Note that the different DataSets must each contain references to the same instances, but with entirely different feature types. The original DataSets ARE changed.

NOTE THAT THIS HAS NOT BEEN DESIGNED TO WORK WITH DATASETS THAT HAVE SUBSETS YET (e.g. features separately extracted separately for windows). Such subsets are currently just ignored.

Parameters:
datasets_to_combine - An array of sets of DataSets to combine into one. The first dimension refers to the group of DataSets and the second dimension refers to the DataSets within the given group. Each DataSet in each group should have the same feature types, but the feature types in the different groups should be entirely different. There should be one version of each instance in each group.
combined_feature_definitions - The combined set of all FeatureDefinition objects for all features in all of the datasets_to_combine.
matching_identifier_keys - Sets of identifiers linking DataSet objects from different groups in the datasets_to_combine parameter. The first dimension indicates an instance (ordering does not matter) and the second dimension has one value for each value DataSet group indicating the corresponding identifier field, plus one more indicating the value to use in the identifier field in the returned DataSet[] (ordering does matter her). Note that keys must be unique within each column
Returns:
The instances with their features combined.
Throws:
java.lang.Exception - An informative Exception is returned if a problem occurs.

saveDataSets

public static void saveDataSets(DataSet[] data_sets,
                                FeatureDefinition[] definitions,
                                java.io.File to_save_to,
                                java.lang.String comments)
                         throws java.lang.Exception
Saves a feature_vector_file XML file with the contents specified in the given DataSet array and the comments specified in the comments parameter. Uses the feature_names in each of the data_sets if they are present, and uses those in the definitions parameter if they are not present in a given DataSet. If all data_sets contain feature_names, then the passed value of definitions may be null. This method does not apply the orderAndCompactFeatures method.

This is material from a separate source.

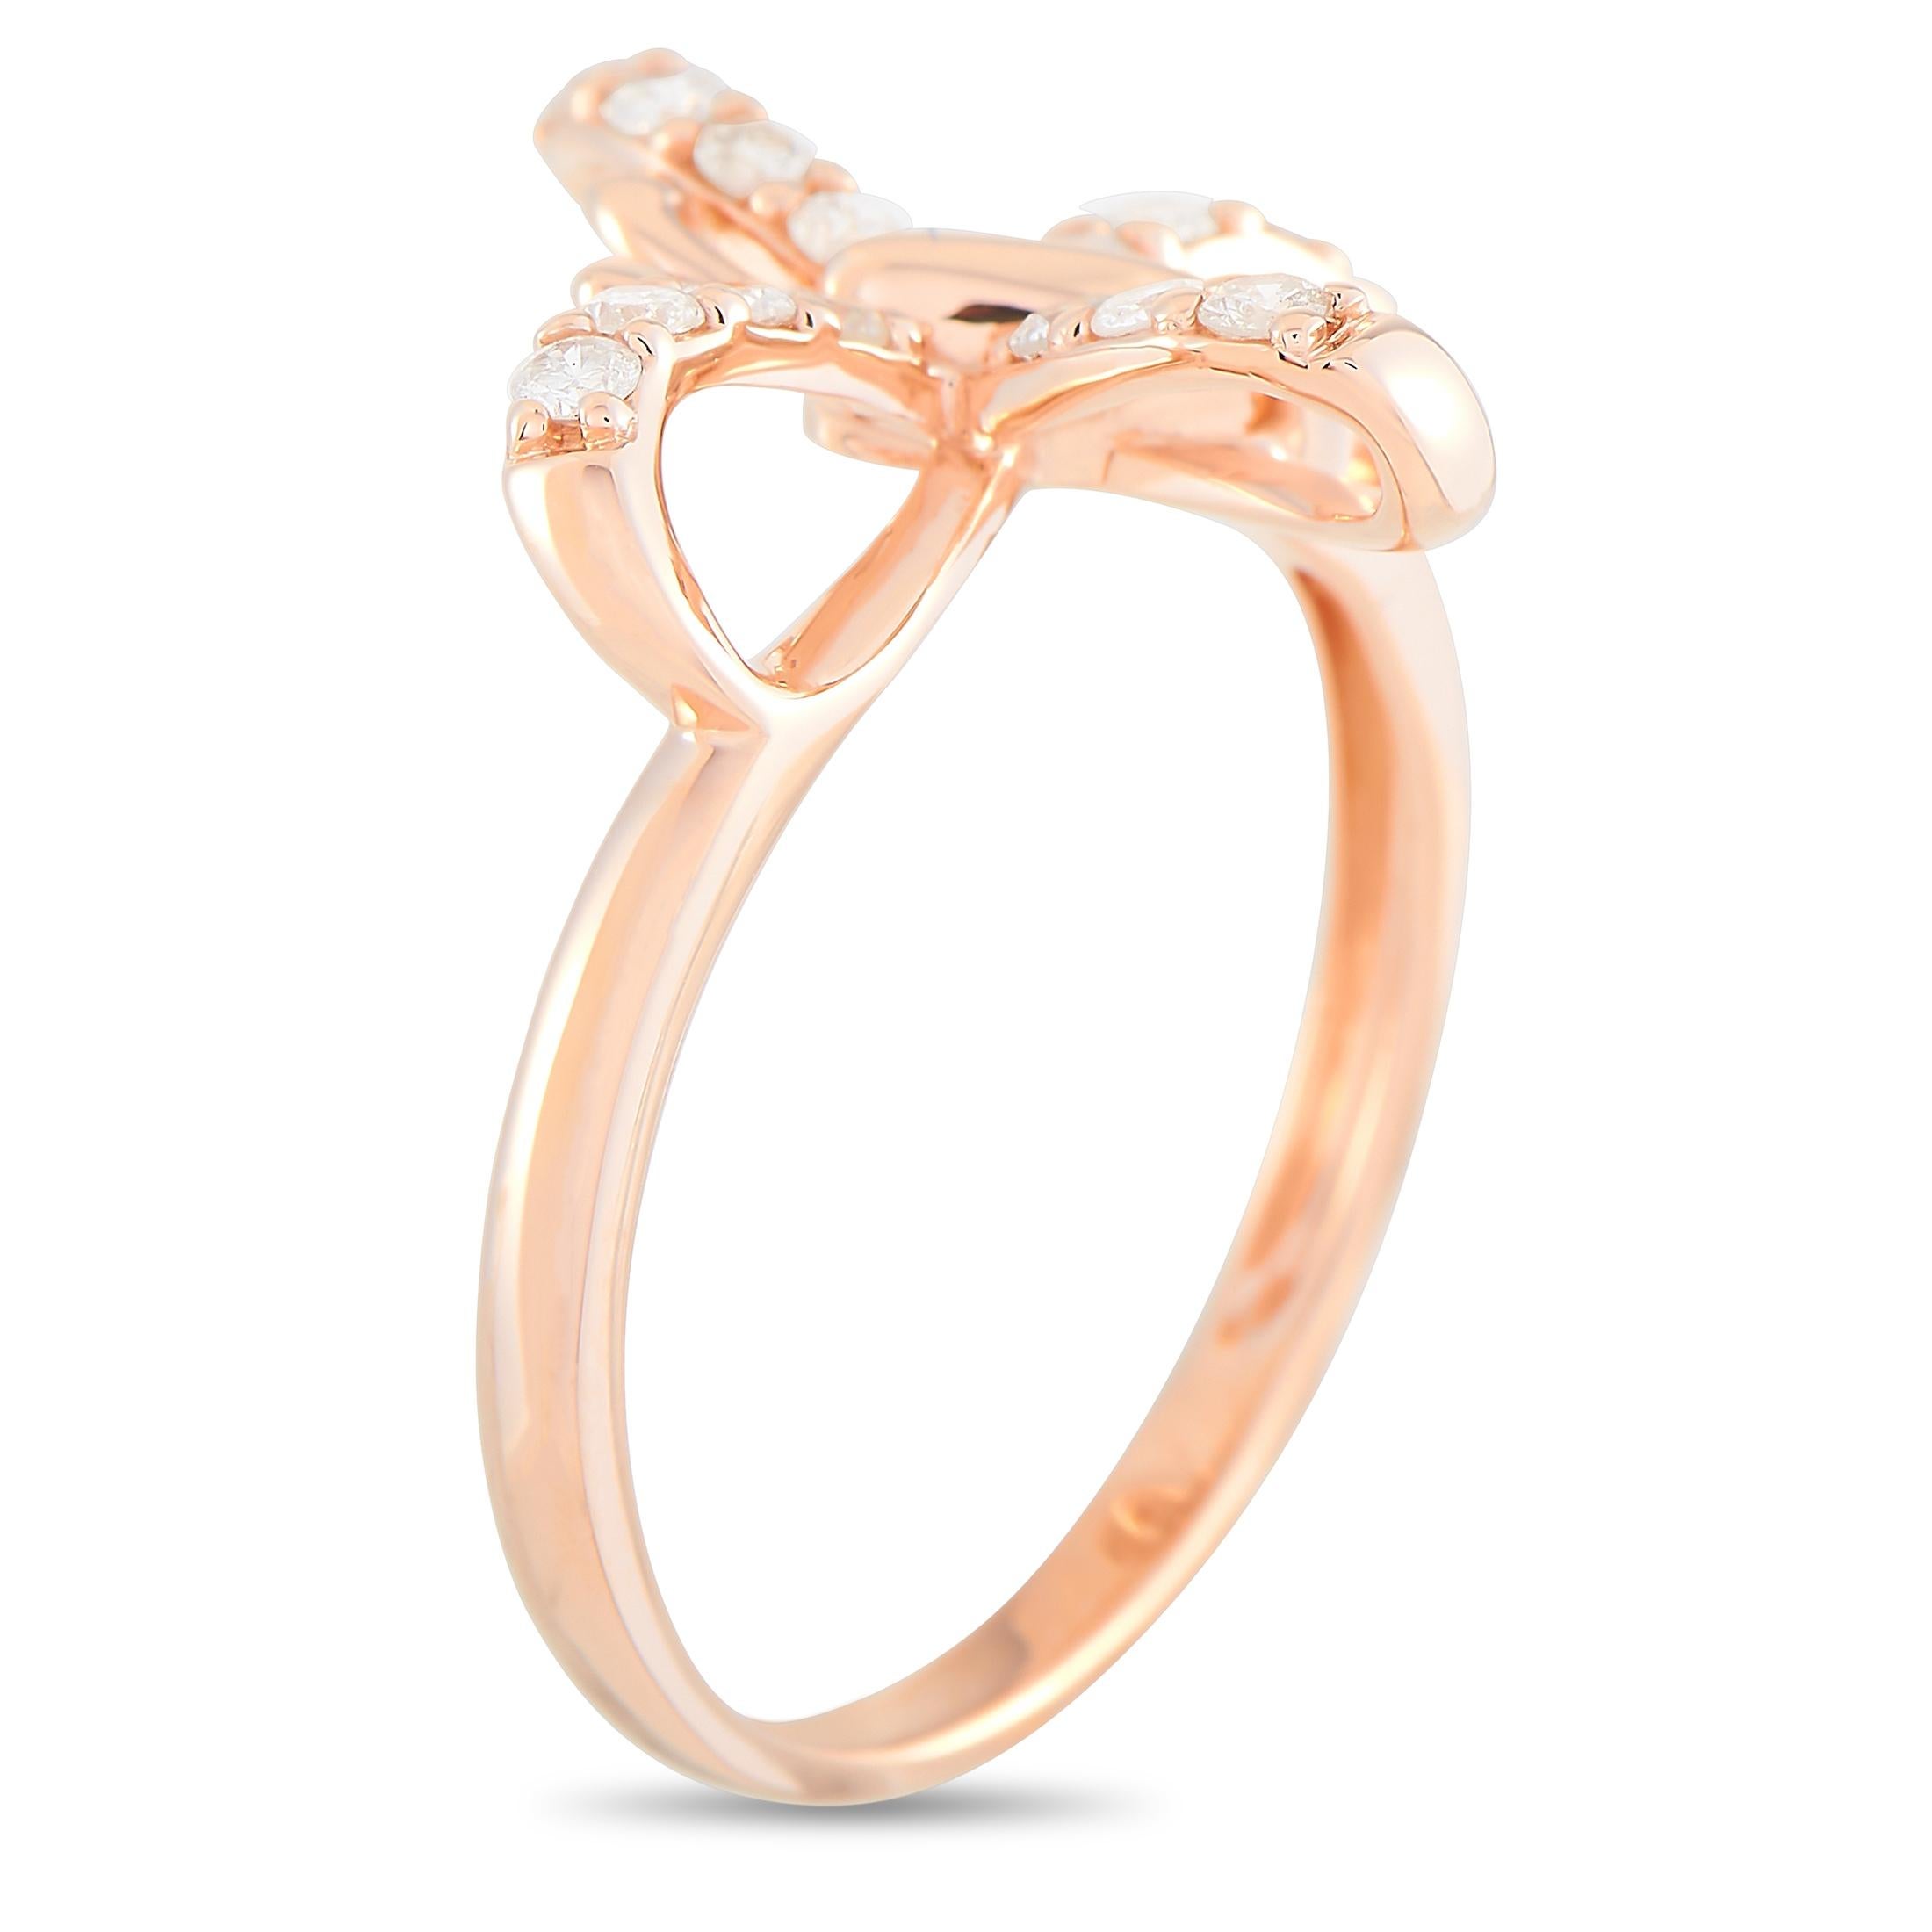 This LB Exclusive butterfly ring is made of 14K rose gold and embellished with diamonds that amount to 0.30 carats. The ring weighs 2.5 grams and boasts band thickness of 2 mm and top height of 3 mm, while top dimensions measure 16 by 17 mm.

In general, it is best to have applied the orderAndCompactFeatures method to data_sets before calling this saveDataSets method.

Parameters:
data_sets - The DataSets to save.
definitions - The FeatureDefinitions to base feature names on if they are not present in individual DataSets. May be null.
to_save_to - The file to save to.
comments - Any comments to be saved inside the comments element of the XML file.
Throws:
java.lang.Exception - An informative exception is thrown if the file cannot be saved or if feature names are available in neither individual data_sets nor in definitions.